Taking the journal article to the next level: Taylor & Francis partner with Code Ocean
30th January 2018
Taylor & Francis and Code Ocean announce a new partnership that enables researchers to easily share and run code, making journal articles more robust.
Readers will enjoy new interactivity where the Code Ocean widget is embedded within an article. They can run the code instantly within the page to easily reproduce and replicate data findings, so results can be verified and tested, and knowledge improved.
Authors can share their executable code with their data so that it can be visualized, augmented, and built upon. They will benefit from greater visibility of their code and can collaborate with others, with any open source programming language, plus MATLAB and Stata. Recognizing the use of code across many fields – from engineering to psychology – Taylor & Francis will implement Code Ocean across disciplines.

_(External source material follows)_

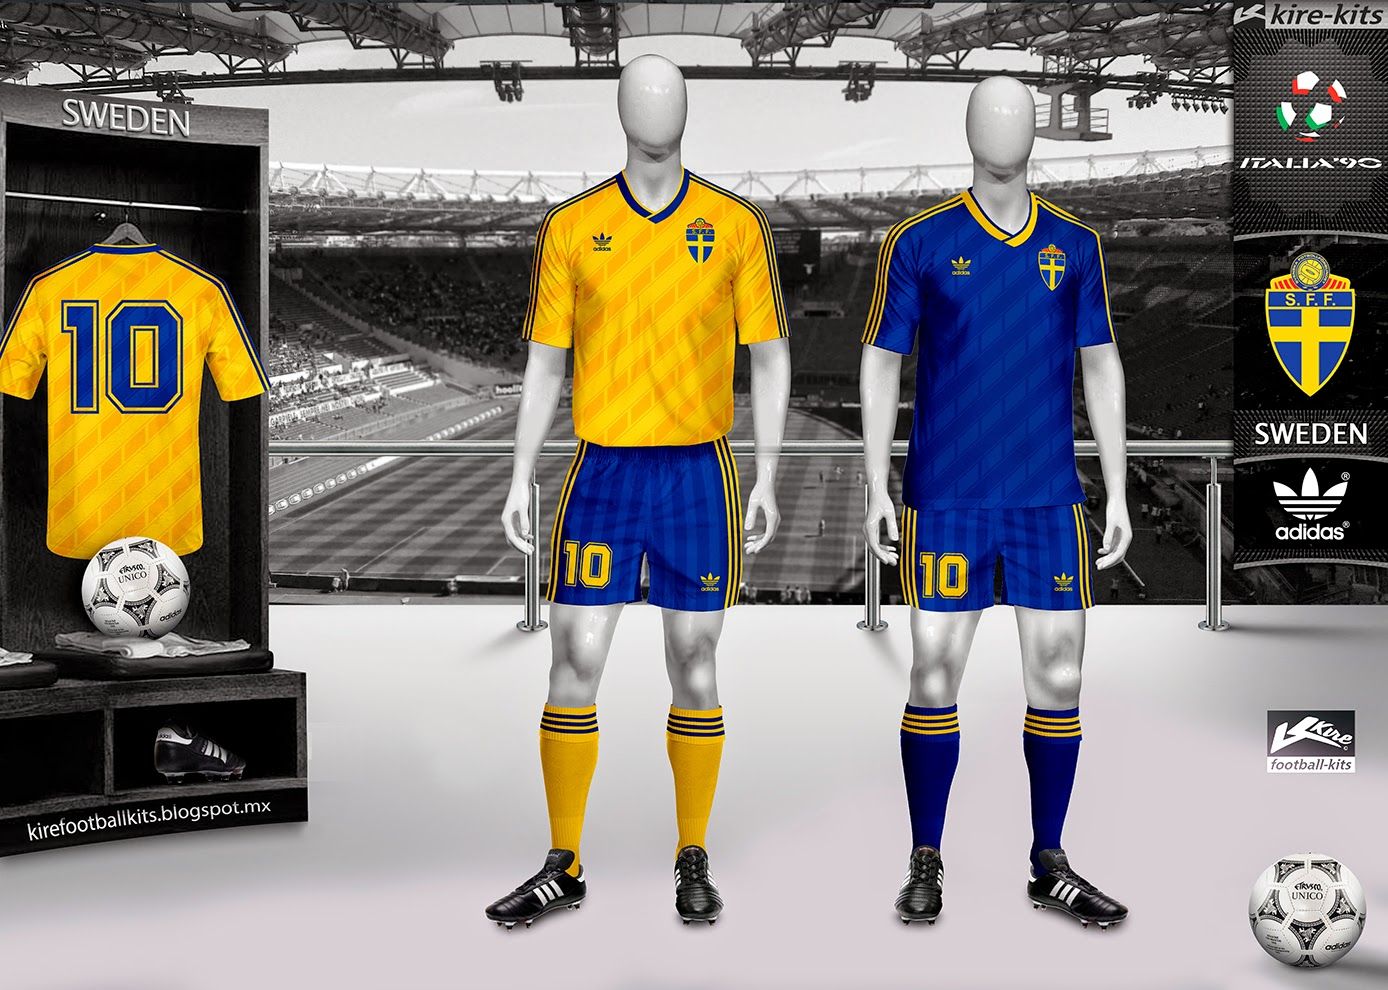 Kire Football Kits Sweden Kits World Cup 1990

Leon Heward-Mills, Global Publishing Director at Taylor & Francis, said: “From displaying supplemental material to enabling the execution of code, our authors’ articles will be richer than ever before with this new partnership with Code Ocean. We recognize code as an important research output and encourage citations to the unique DOIs to increase attribution and enable researchers to get the credit they deserve.”
Simon Adar, CEO of Code Ocean, said: “Taylor & Francis’ readers will have immediate access to executable code, statistical analysis, and algorithms without having to install anything on their local computer, saving valuable time as they advance their own work.”
Authors retain their copyright for code and can authorize use with any open source license they choose. Code Ocean assigns a Digital Object Identifier (DOI) to the code when it is deposited to the platform and can be associated with the article at any stage of publication. Taylor & Francis will incorporate Code Ocean into its publishing workflow starting with a selection of journals in early 2018, with the goal to roll it out across journals that are rich in code and data.